Third round of spraying
The third round of herbicide-spraying
missions under Plan Colombia started in mid-November 2001 and was ongoing
as of late January 2002 when I visited Putumayo as part of a delegation
with Witness for Peace. The sprayings are part of an aggressive counter-narcotics
strategy initiated by the Clinton administration, attacking drug-production
at "the source"--the small farmers who barely eke out a living
growing drug-crops. Most of the program's funds go to the Colombian military
and police, purchasing helicopters (Blackhawks and Superhueys) and providing
training; the helicopters flank the crop-dusters on spraying missions
for protection. The aircraft (war helicopters and crop-dusters alike)
are often flown by U.S. pilots--employees of a Virginia-based company
called DynCorp, hired by the U.S. Department of State. DynCorp's staff
of "private contractors" is made up largely of former U.S. military,
Department of State and Central Intelligence Agency personnel.(3)
Denunciations of the sprayings'
effects on food security, human health and the environment have been made
regularly and emphatically by Colombian farmers, church leaders, local
mayors, governors, U.S. Congress members and human rights observers. All
these groups have called for an immediate stop to the aerial herbicide
sprayings and a growing chorus of international environmental and human
rights organizations, including the UN Drug Control Programme and many
members of the U.S. Congress, have joined them in this call. No independent
body has conducted tests of the chemical mixture in current use. The U.S.
Embassy in Colombia insists that the chemicals are harmless, and asks
Colombians to take their word for it rather than conduct independent tests--while
thousands of reports of adverse health and environmental effects come
in from southern Colombia. Even the Human Rights Ombudsman's office, a
ministry of the Colombian government, has not been able to obtain a sample
of the spray mixture for testing.(4)
Meanwhile, thousands of farmers
are displaced from their land by the spraying campaigns, many of them
furthering the destruction of the Amazon (an ecosystem often called "the
lungs of the world") by destroying trees to plant new coca crops.
One hundred thousand of Putumayo's inhabitants arrived in the last ten
years, displaced from central Colombia, where they had grown corn and
coffee, by the liberalization of Colombia's agricultural markets and the
collapse of international coffee prices.(5) Putumayo has no infrastructure
to support the marketing of legal food crops.
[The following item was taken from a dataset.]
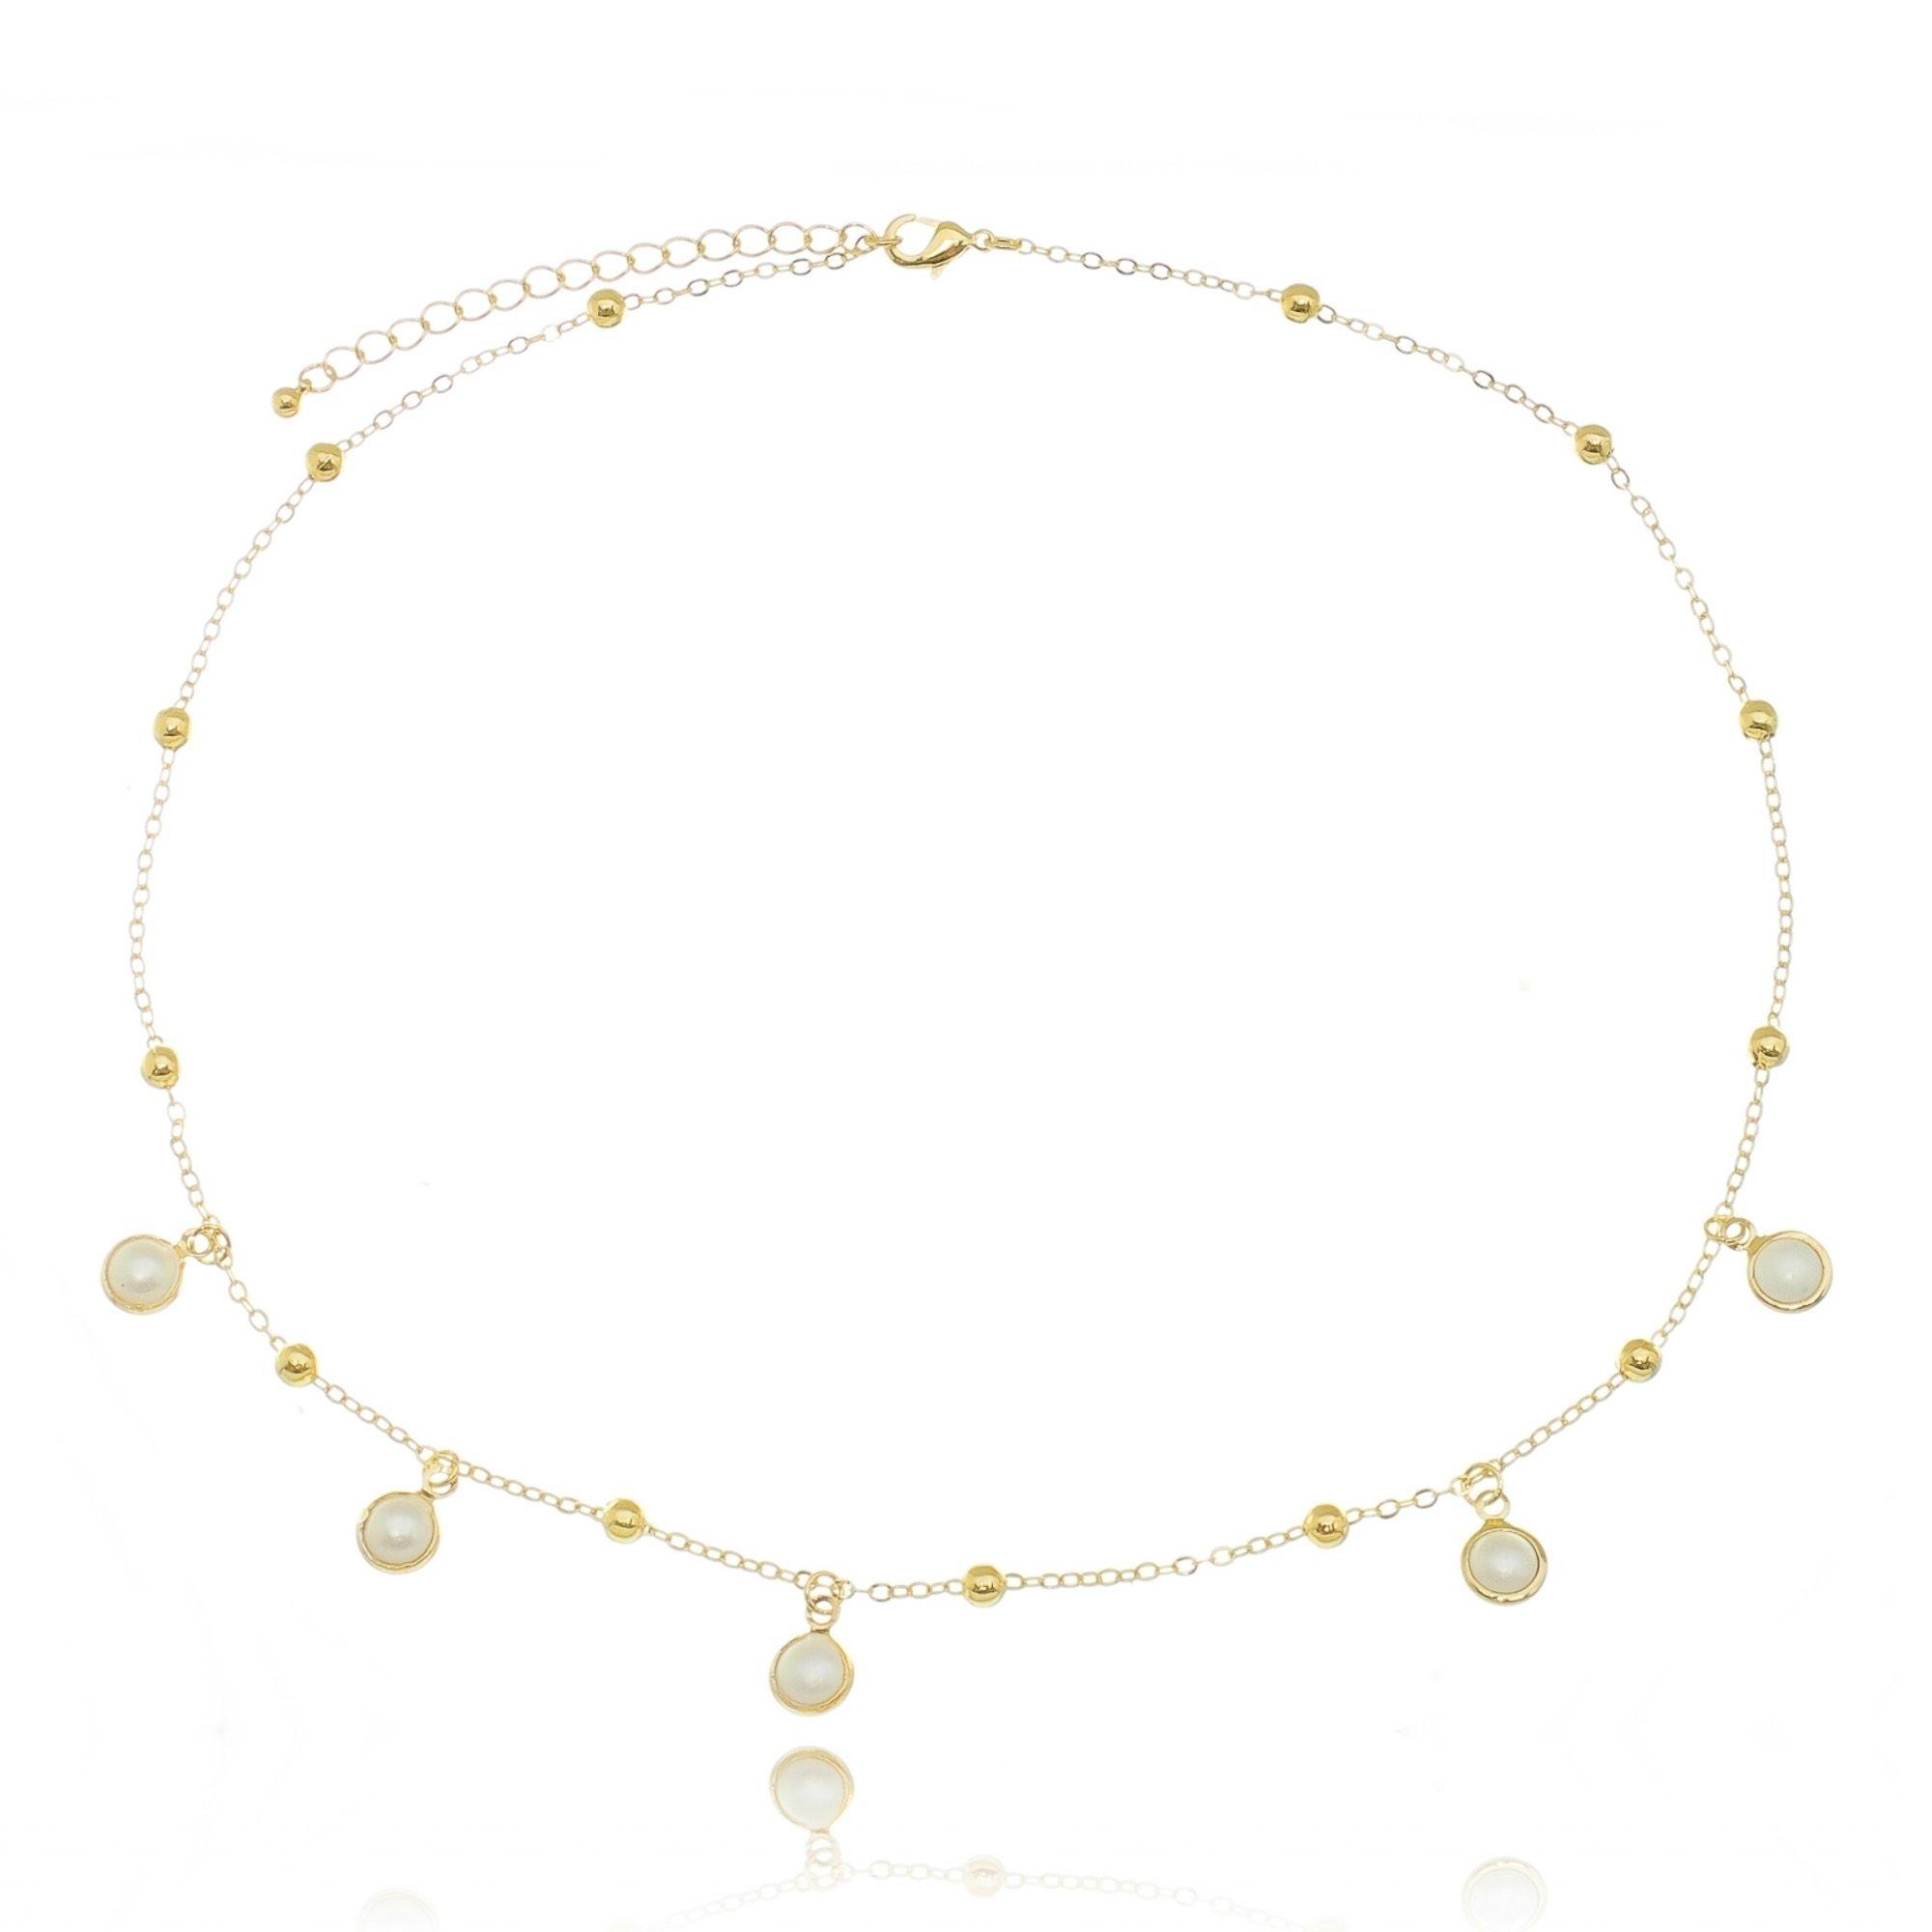 Gargantilha Dourada de Pérolas com Bolinhas Semijoia Fashion em Ouro 18K  - SOLOYOU

Those farmers who manually
eradicate their illicit crops and sign social pacts with the government
are left with no agricultural alternatives and little faith in the government
when their legal food crops are destroyed in outright violation of the
pacts' terms.
Numerous reports of illnesses
caused by exposure to the sprayings--the most prevalent being fever, skin
rashes, respiratory problems, diarrhea, eye irritation and abdominal pain--have
come from southern Colombia since November 2000, when Plan Colombia fumigations
began.(6) During our January visit, we heard that two children had died
in the most recent round of sprayings.
Inadequate U.S. response
The U.S. Embassy officials with
whom we met, while saying that they would "certainly look into"
health complaints, simultaneously dismissed out of hand the very possibility
that such health effects could exist. During one meeting, the Embassy's
fumigations expert gave no response to my request to hear why the U.S.
is not applying the precautionary principle in this case; thousands of
reports of health problems seem like a compelling reason to take this
approach, even if the Embassy genuinely believes that the spraying is
safe.
Since September, the Embassy has
released two studies of health effects, arguing in the Executive Summary
of one that "in the vast majority of cases, reported health problems
are not caused by aerial spraying" while the other study makes a
similar claim.(7) Yet the studies are full of scientific and methodological
flaws that render their conclusions invalid.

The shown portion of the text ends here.